Evaluation of Two Different CMV-Immunoglobulin Regimens for Combined CMV Prophylaxis in High-Risk Patients following Lung Transplant.

Autor: Mora VM; Service of Respiratory Medicine, Hospital Universitario Marqués de Valdecilla, 39008 Santander, Spain.; Genetic Epidemiology and Atherosclerosis in Systemic Inflammatory Diseases Group, IDIVAL, 39008 Santander, Spain., Ussetti P; Department of Neumology, Hospital Puerta de Hierro, Majadahonda, 28222 Madrid, Spain., de Pablo A; Department of Neumology, Hospital Universitario 12 de octubre, 28041 Madrid, Spain., Iturbe D; Service of Respiratory Medicine, Hospital Universitario Marqués de Valdecilla, 39008 Santander, Spain.; Genetic Epidemiology and Atherosclerosis in Systemic Inflammatory Diseases Group, IDIVAL, 39008 Santander, Spain., Laporta R; Department of Neumology, Hospital Puerta de Hierro, Majadahonda, 28222 Madrid, Spain., Alonso R; Department of Neumology, Hospital Universitario 12 de octubre, 28041 Madrid, Spain., Aguilar M; Department of Neumology, Hospital Puerta de Hierro, Majadahonda, 28222 Madrid, Spain., Quezada CA; Department of Neumology, Hospital Universitario 12 de octubre, 28041 Madrid, Spain., Cifrián JM; Service of Respiratory Medicine, Hospital Universitario Marqués de Valdecilla, 39008 Santander, Spain.; Genetic Epidemiology and Atherosclerosis in Systemic Inflammatory Diseases Group, IDIVAL, 39008 Santander, Spain.
Jazyk: angličtina
Zdroj: Microorganisms [Microorganisms] 2022 Dec 22; Vol. 11 (1). Date of Electronic Publication: 2022 Dec 22.

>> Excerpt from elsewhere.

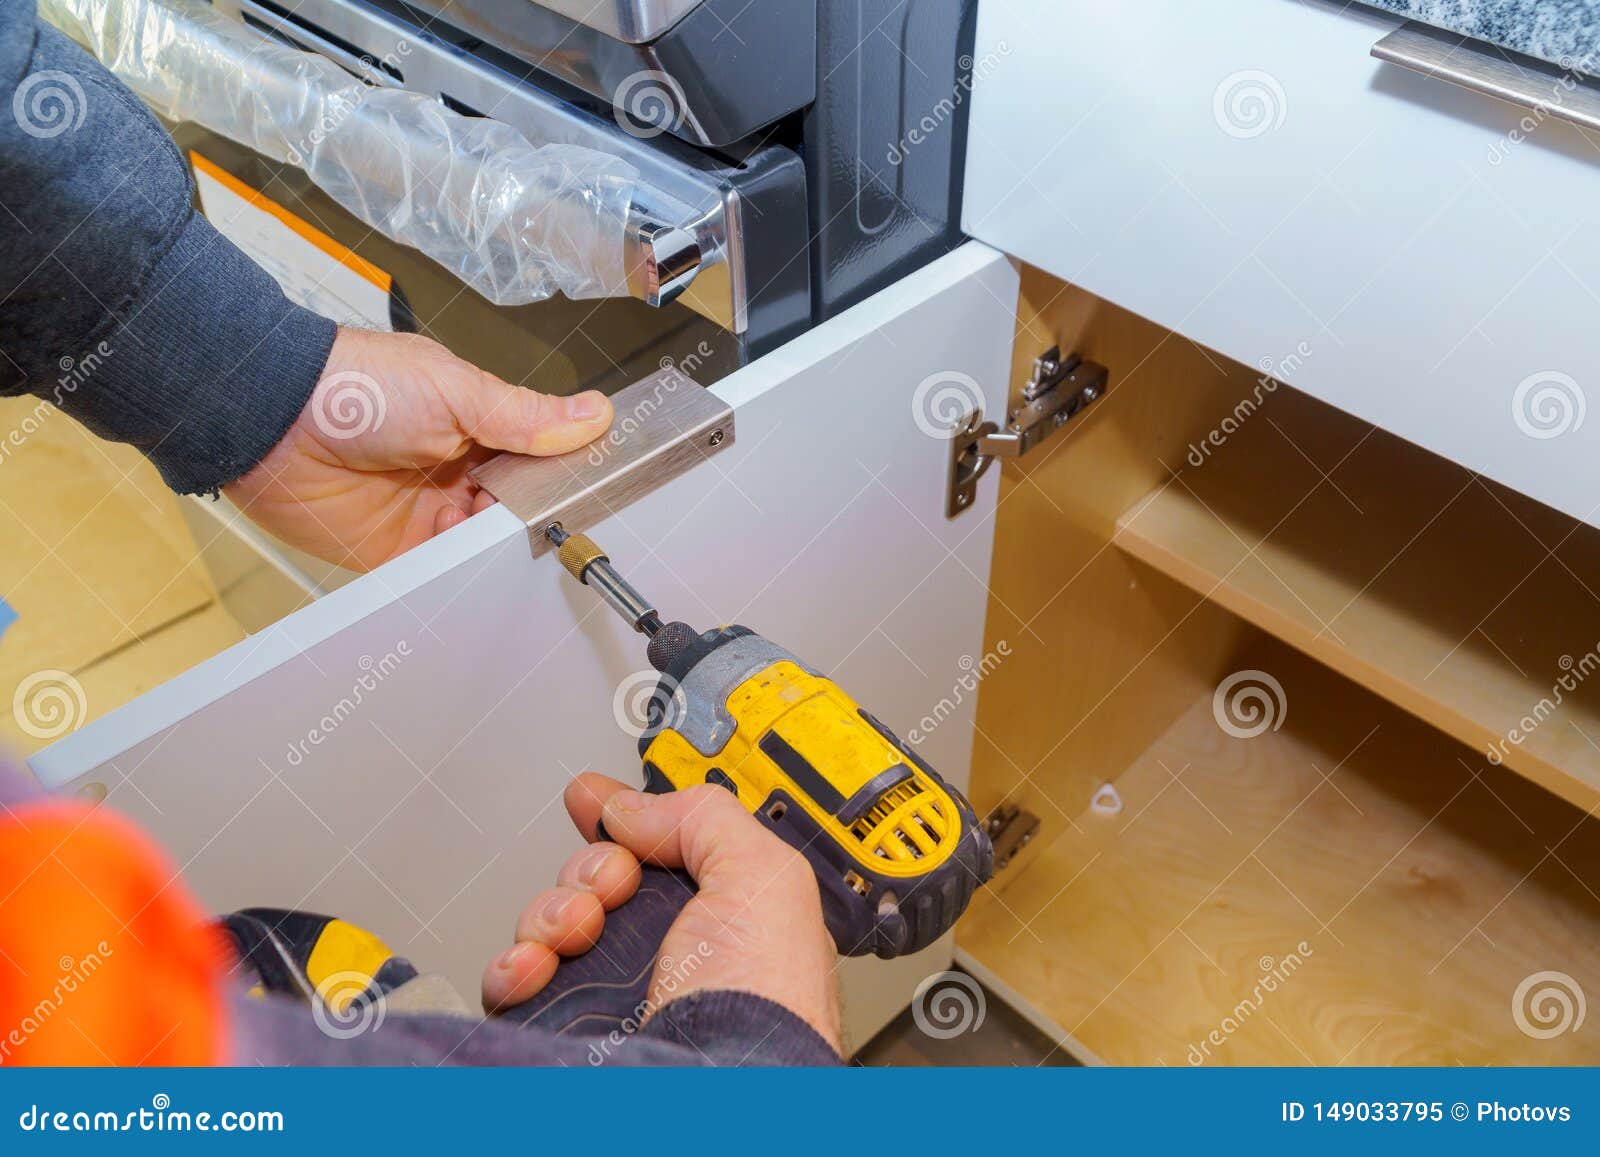 Hand On Handle Installation Door In Kitchen Cabinet Stock Image

DOI: 10.3390/microorganisms11010032
Abstrakt: Background: The clinical benefits of the common off-label use of cytomegalovirus (CMV)-specific immunoglobulin (CMV-Ig) combined with antivirals in organ transplantation have not been previously assessed. The objective was to compare the risk of CMV infection and other post-transplantation outcomes between two CMV-Ig prophylaxis regimens in lung transplant recipients; Methods: Retrospective study of 124 donor CMV positive/recipient negative (D+/R-) patients receiving preventive ganciclovir/valganciclovir for 12 months, of whom 62 received adjunctive CMV-Ig as per label indication (short regimen [SR-Ig]; i.e., 7 doses over 2.5 months) and were compared to 62 who received an extended off-label regimen (ER-Ig) consisting of 17 doses over one year after transplantation.

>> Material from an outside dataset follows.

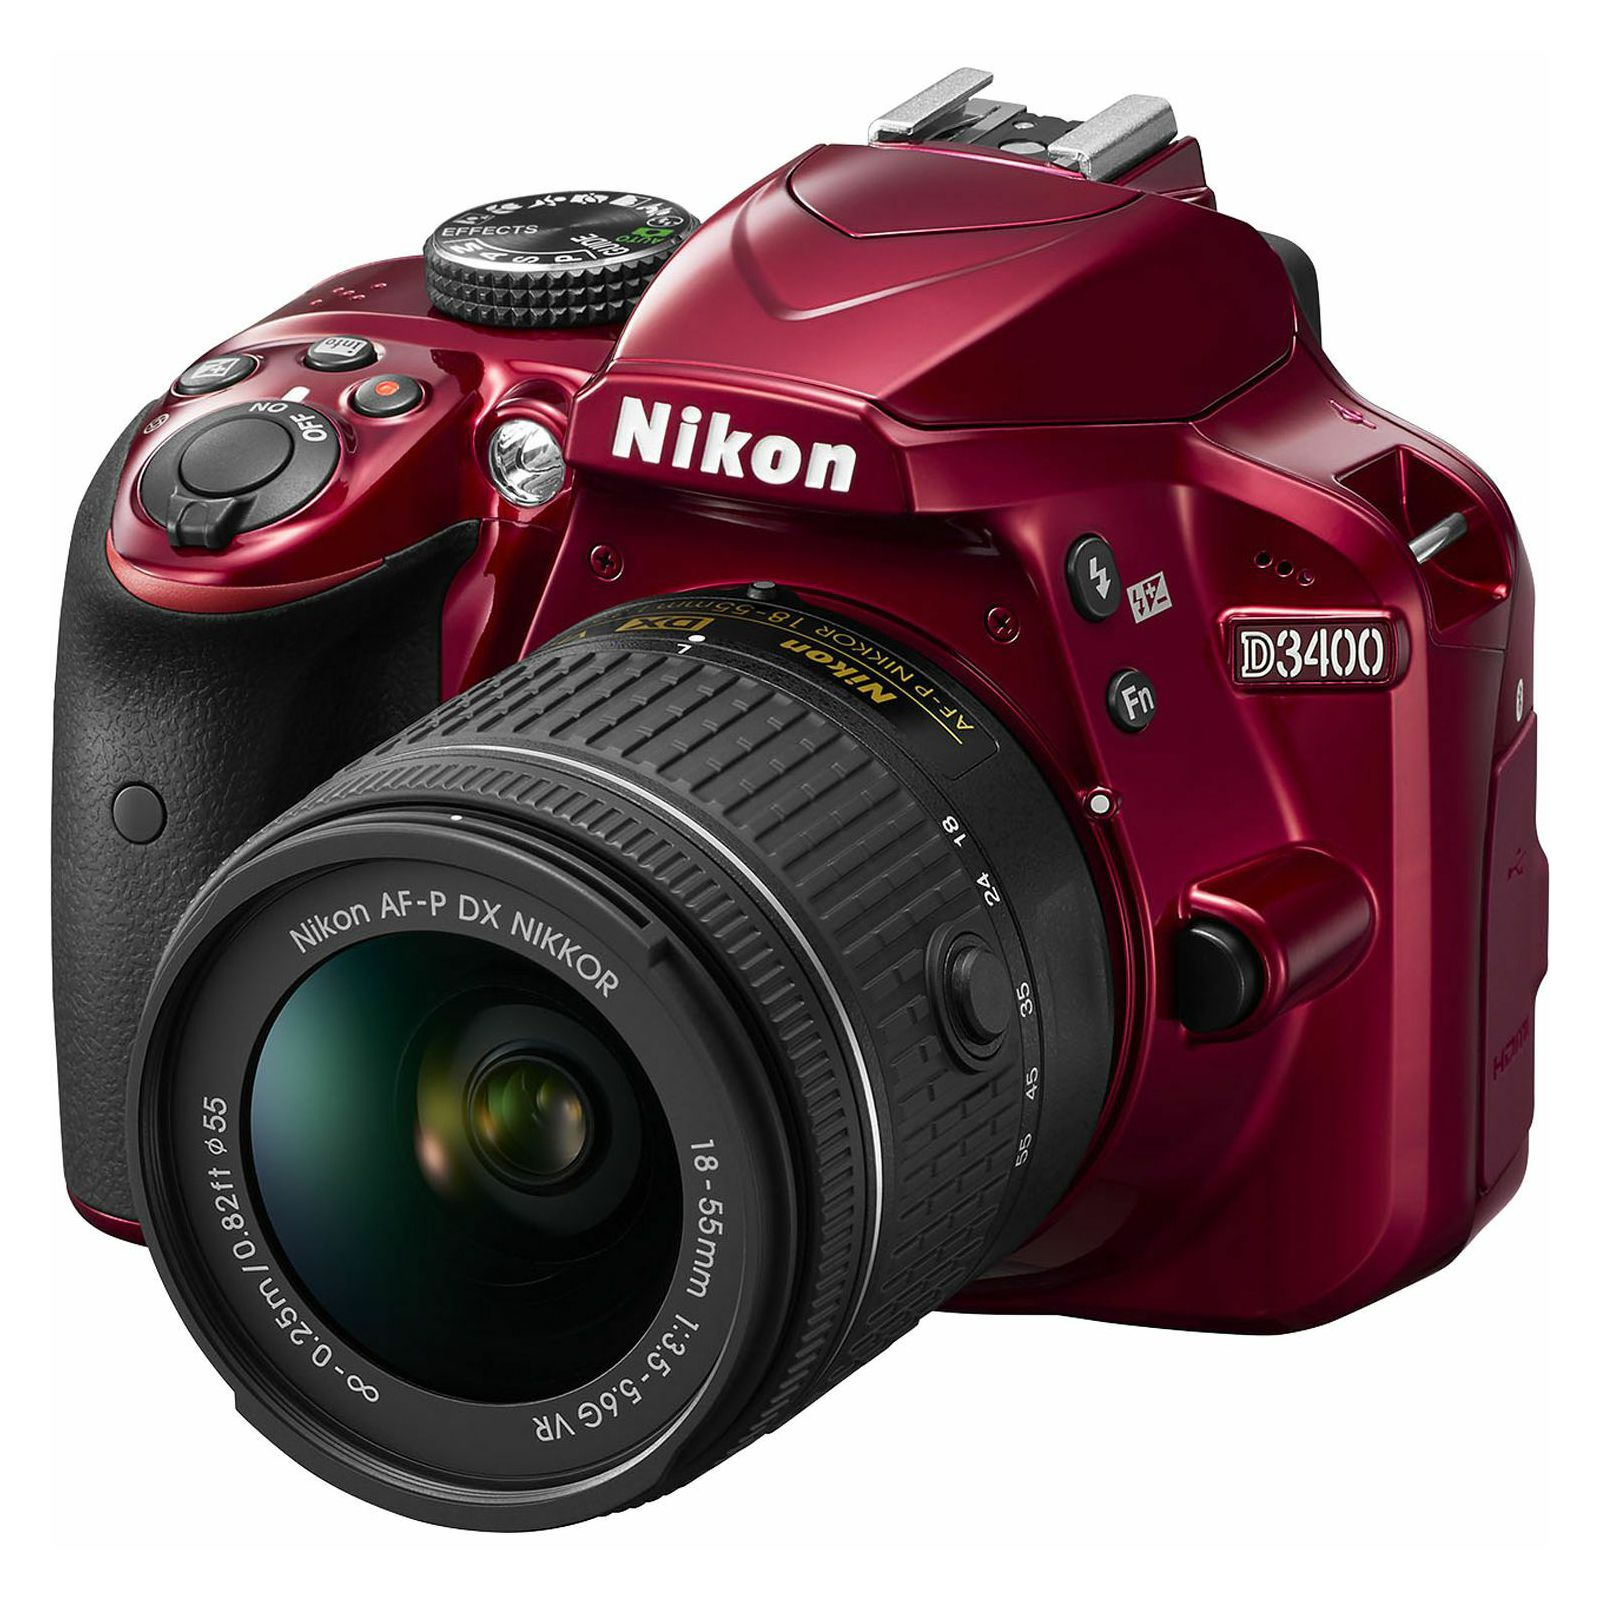 Nikon D3400 + AF-P 18-55VR Red KIT DSLR digitalni fotoaparat i objektiv AF-P DX 18-55mm f/3.5-5.6G VR (VBA491K001)

Results: The incidence of CMV infection or disease, acute rejection, chronic lung allograft dysfunction, and survival did not differ between the two CMV-Ig schedules. Although the time to the first CMV infection after transplantation was shorter in the ER-Ig than in the SR-Ig adjunctive group (log-rank: p = 0.002), the risk was independently predicted by antiviral cessation (odds ratio = 3.74; 95% confidence interval = 1.04-13.51; p = 0.030), whereas the CMV-Ig schedule had no effect.
Conclusions: Extending the adjunctive CMV-Ig prophylaxis beyond the manufacturer's recommendations up to one year does not confer additional clinical benefits regarding lung post-transplantation outcomes.